» Exercise directions
In this exercise, write out the data word for word and leave every image out.

» Collected material

*** Begin section ***

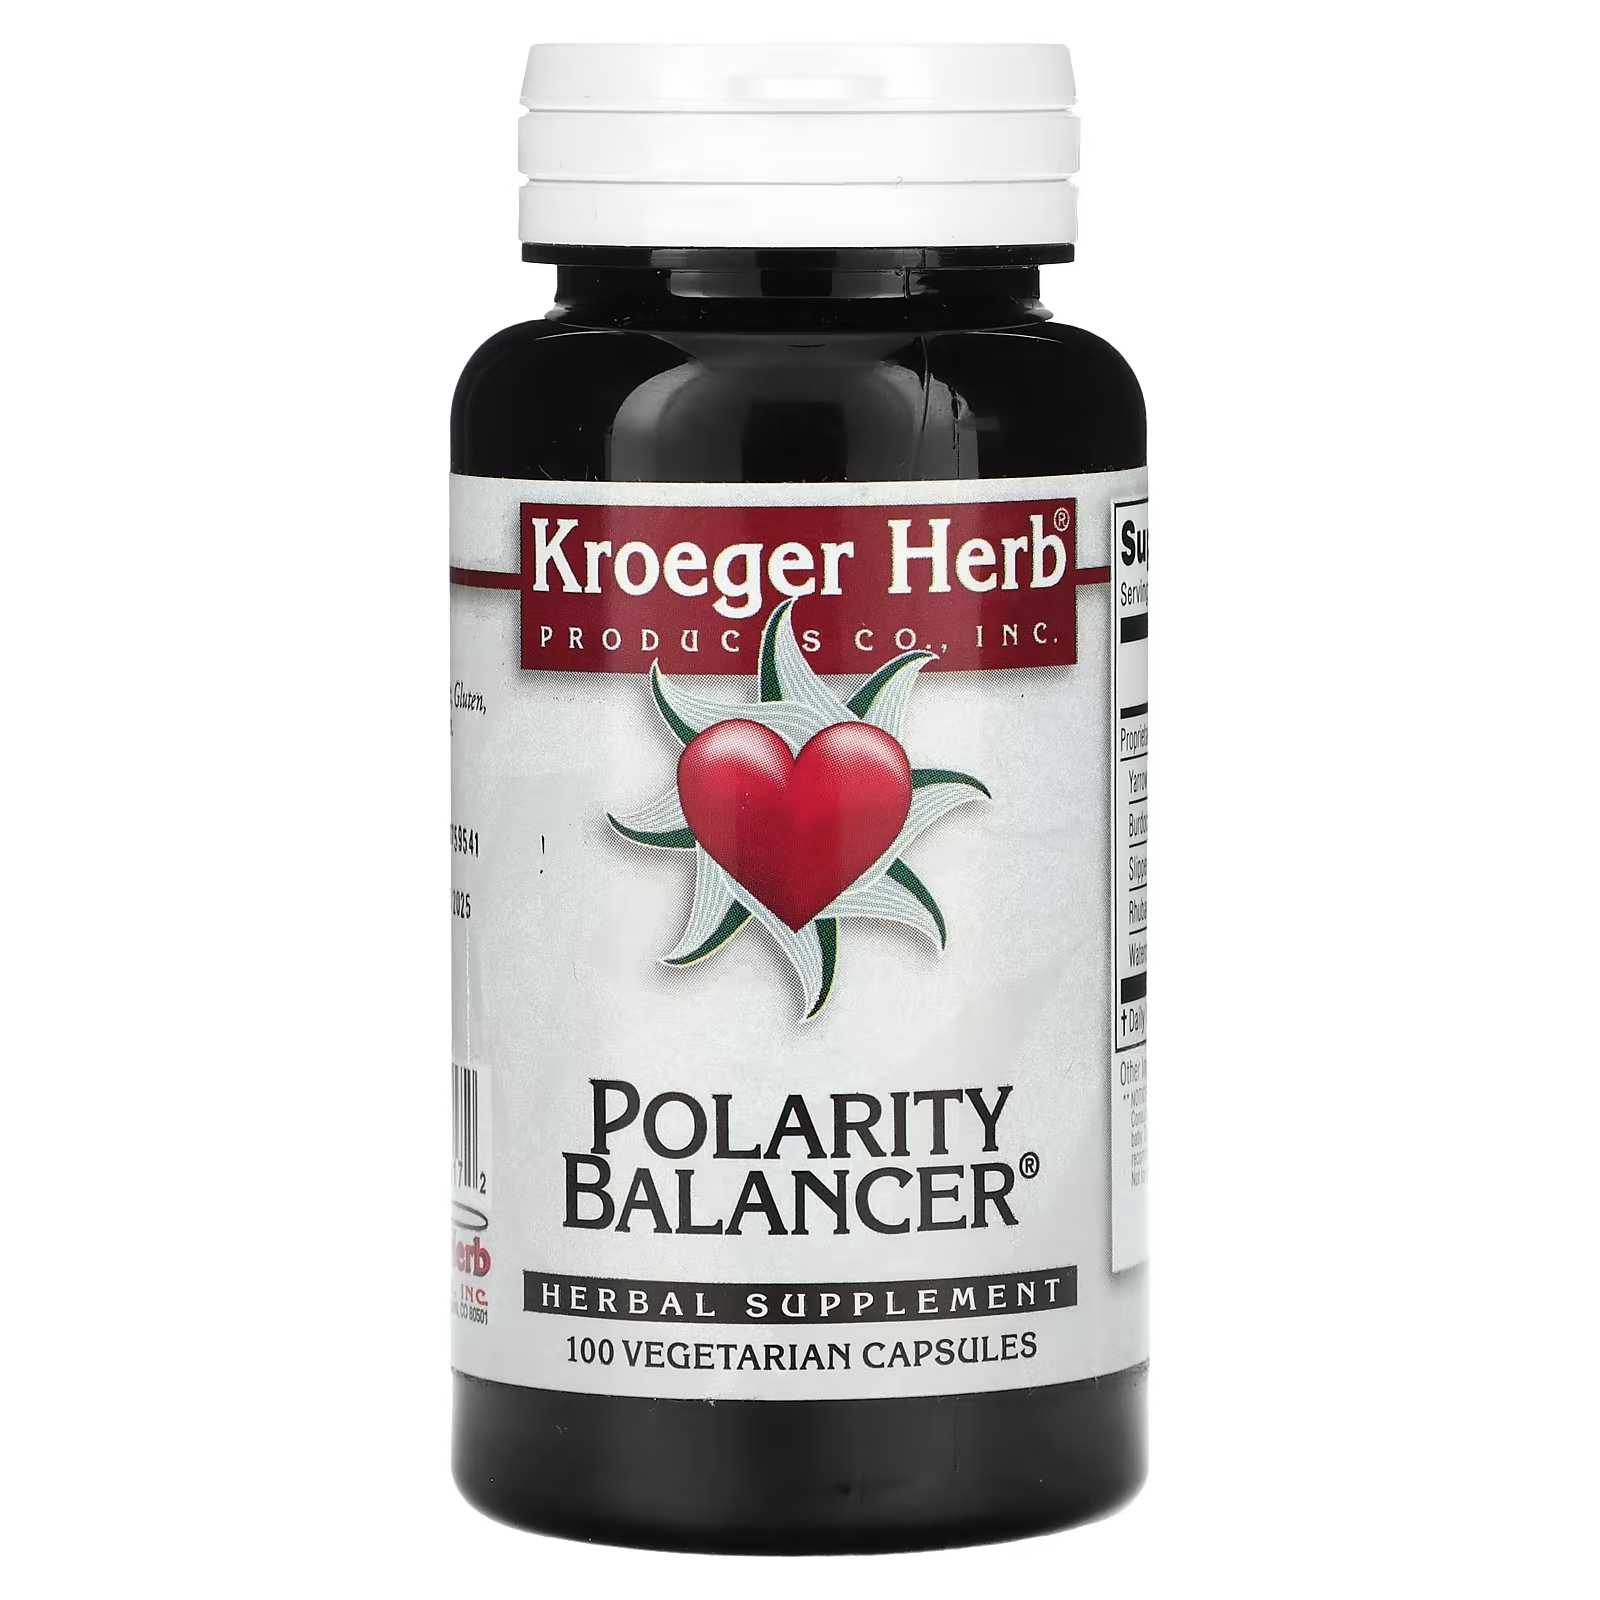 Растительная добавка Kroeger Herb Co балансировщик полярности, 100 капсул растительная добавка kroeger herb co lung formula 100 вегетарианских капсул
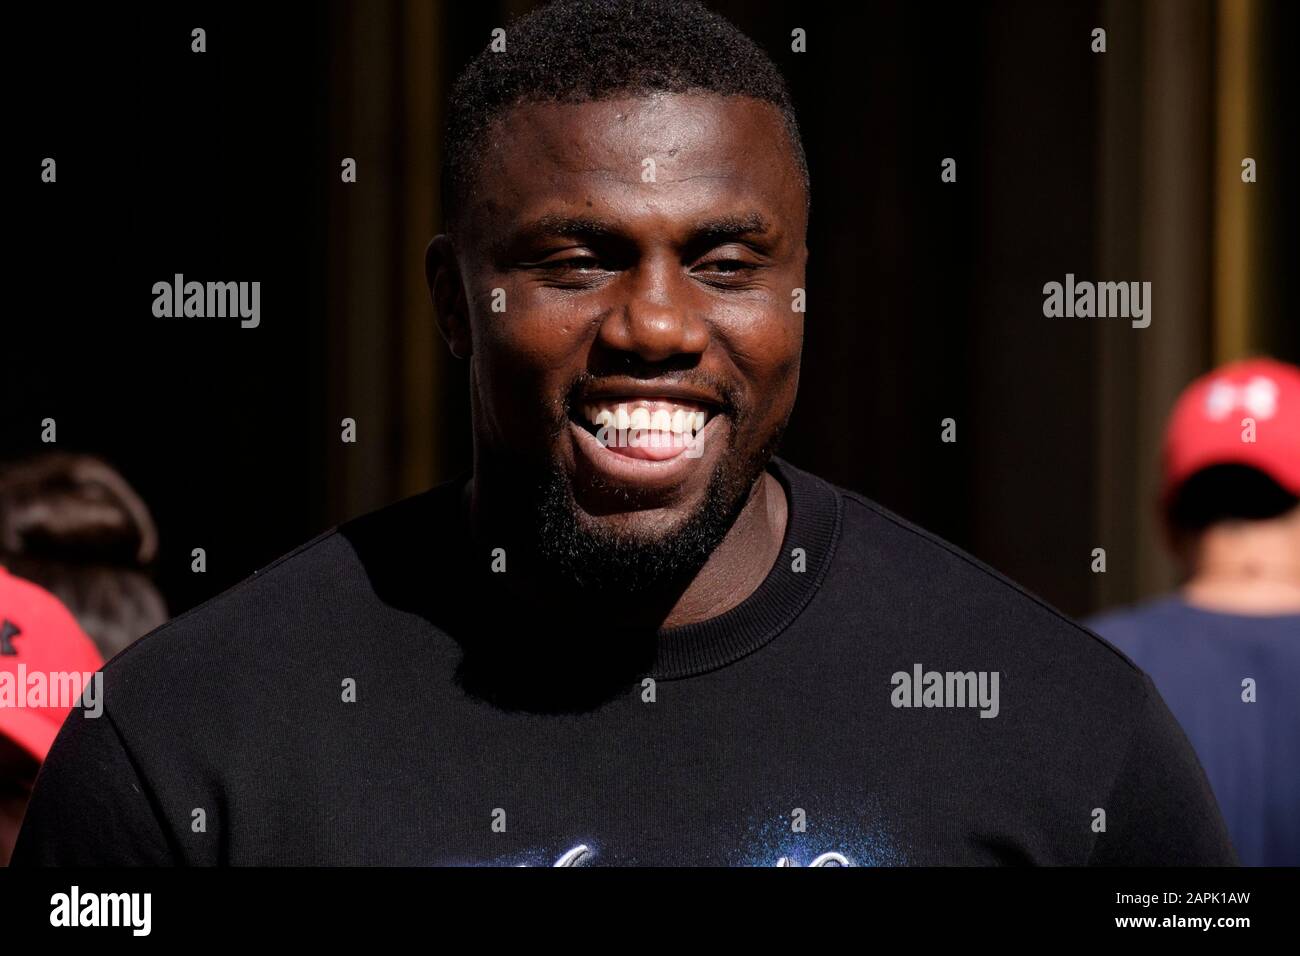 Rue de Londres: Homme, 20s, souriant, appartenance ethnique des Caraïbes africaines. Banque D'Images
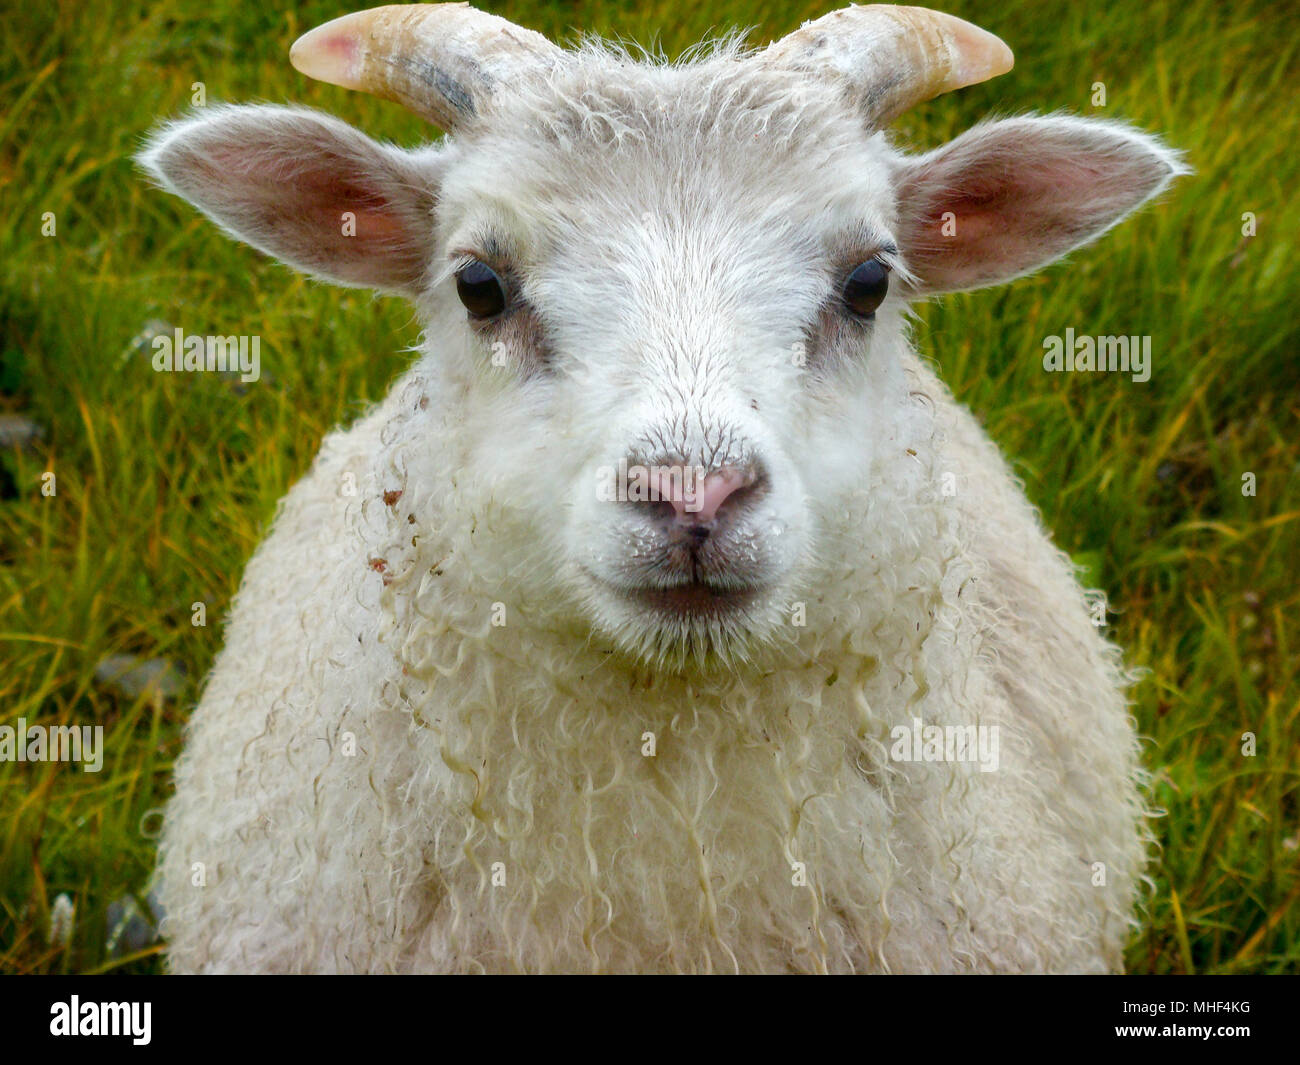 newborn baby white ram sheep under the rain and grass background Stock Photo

*** End section ***

» Your solution
 Растительная добавка Kroeger Herb Co балансировщик полярности, 100 капсул растительная добавка kroeger herb co lung formula 100 вегетарианских капсул
 Rue de Londres: Homme, 20s, souriant, appartenance ethnique des Caraïbes africaines. Banque D'Images
 newborn baby white ram sheep under the rain and grass background Stock Photo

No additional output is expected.